The FBF works with forming public opinion in favor of gender equality by information and activities, and by handing out money from various funds and scholarships. It collaborates with other organisations with similar goals both nationally and internationally. The FBF had a representative in the governmental council of equality.

The organisation was founded in 1884 by a group largely consisting of the board of the women's magazine Home Review. It consisted of the feminist Sophie Adlersparre,Ellen Anckarsvärd, Fredrika Limnell, Ellen Fries, Hans Hildebrand and G. Sjöberg. It was named in honor of the Swedish novelist Fredrika Bremer, whose novel Hertha was responsible for the legislation emancipating unmarried women from wardship of their male relatives. It also led to the foundation of Göteborgs Kvinnoförening in Sweden's second city of Gothenburg, which was founded as a local answer to the FBF.

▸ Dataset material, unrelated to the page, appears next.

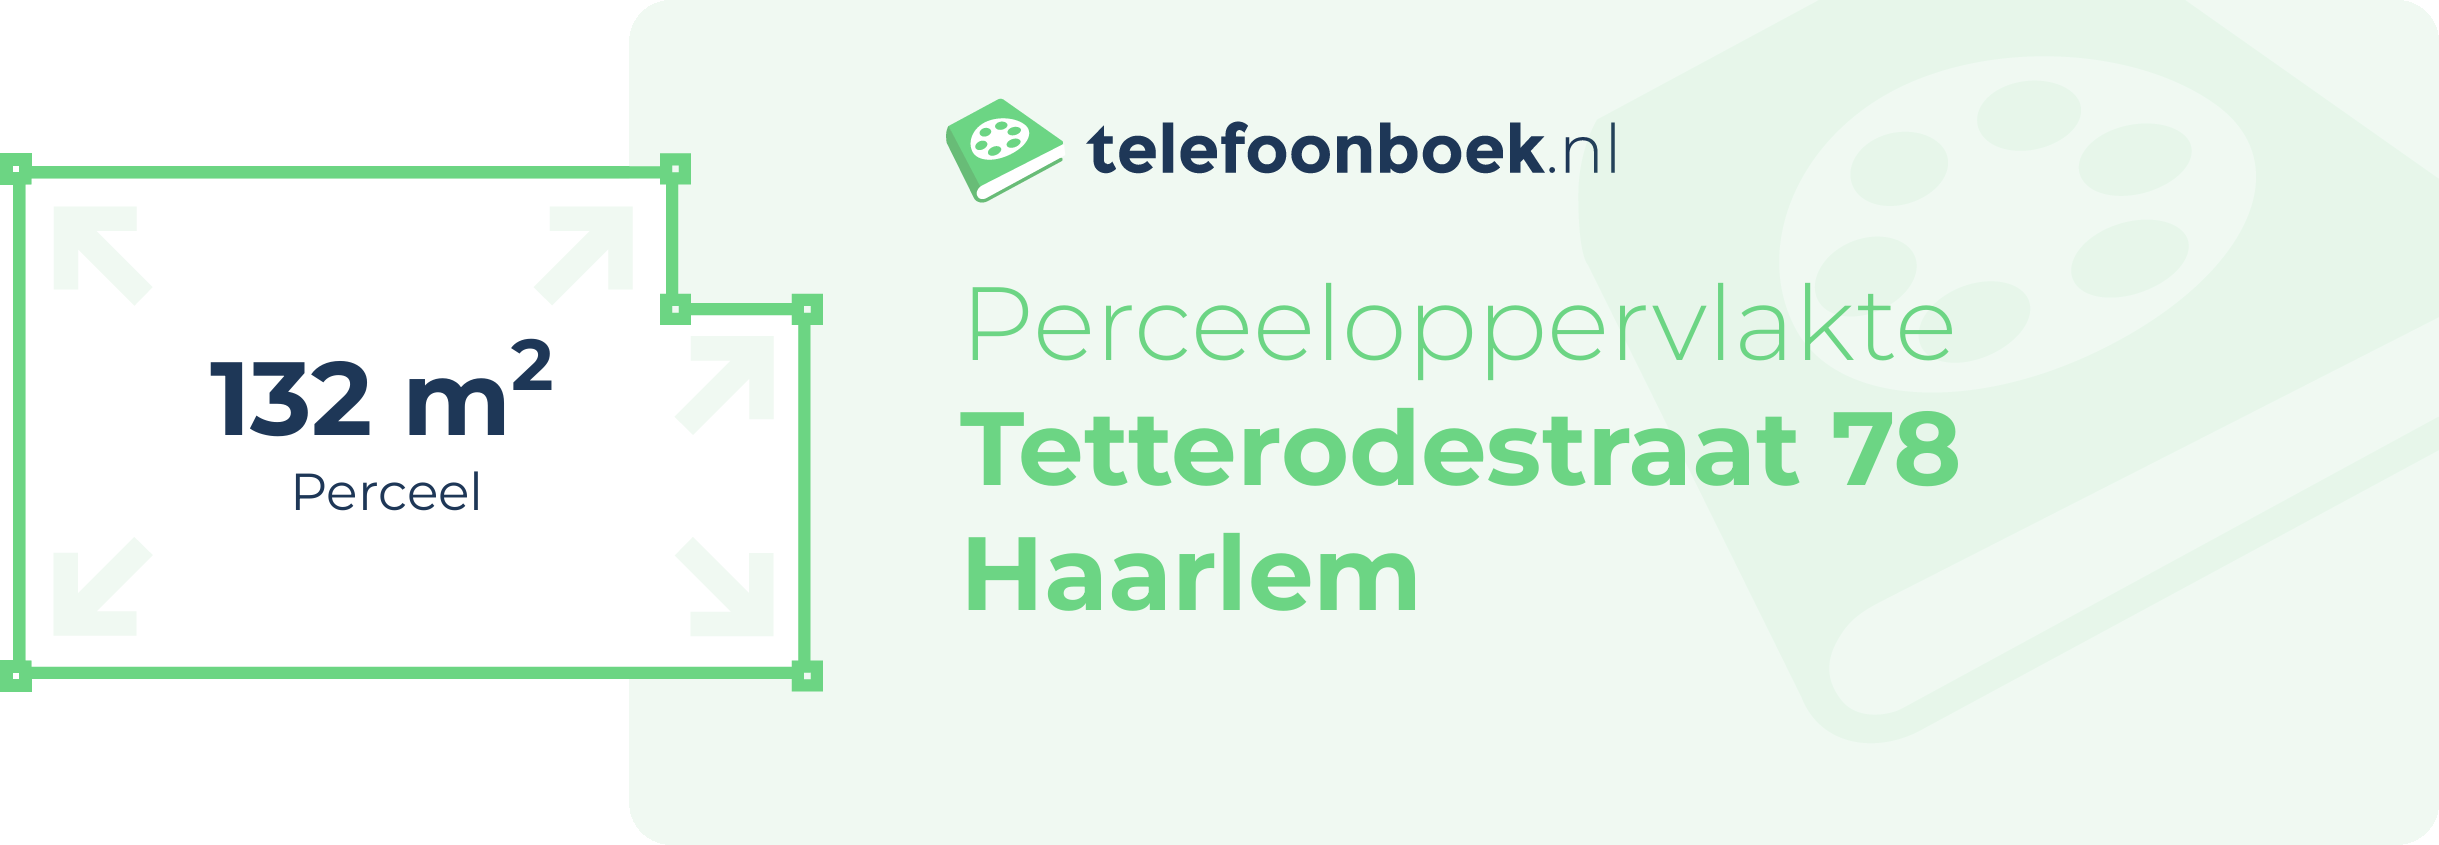 Perceeloppervlakte Tetterodestraat 78 Haarlem

The purpose of the organisation was to support women's rights, to inform women of their rights and to encourage them to use them. At the time of its foundation, for example, the focus was to inform women of their rights to serve in the boards of public institutions, and of the rights of women of a certain income to vote in municipal elections and to use those rights. By 1890, the office of the organisation in Stockholm functioned as an employment agency for women of the middle classes, and offered juridical, economical and medical information and advice to women. It was also noted at that time, that many women came there to be informed of the movement for women suffrage. In 1899, a delegation from the FBF presented a suggestion of woman suffrage to prime minister Erik Gustaf Boström. The delegation was headed by Agda Montelius, accompanied by Gertrud Adelborg, who had written the demand. This was the first time the Swedish women's movement themselves had officially presented a demand for suffrage.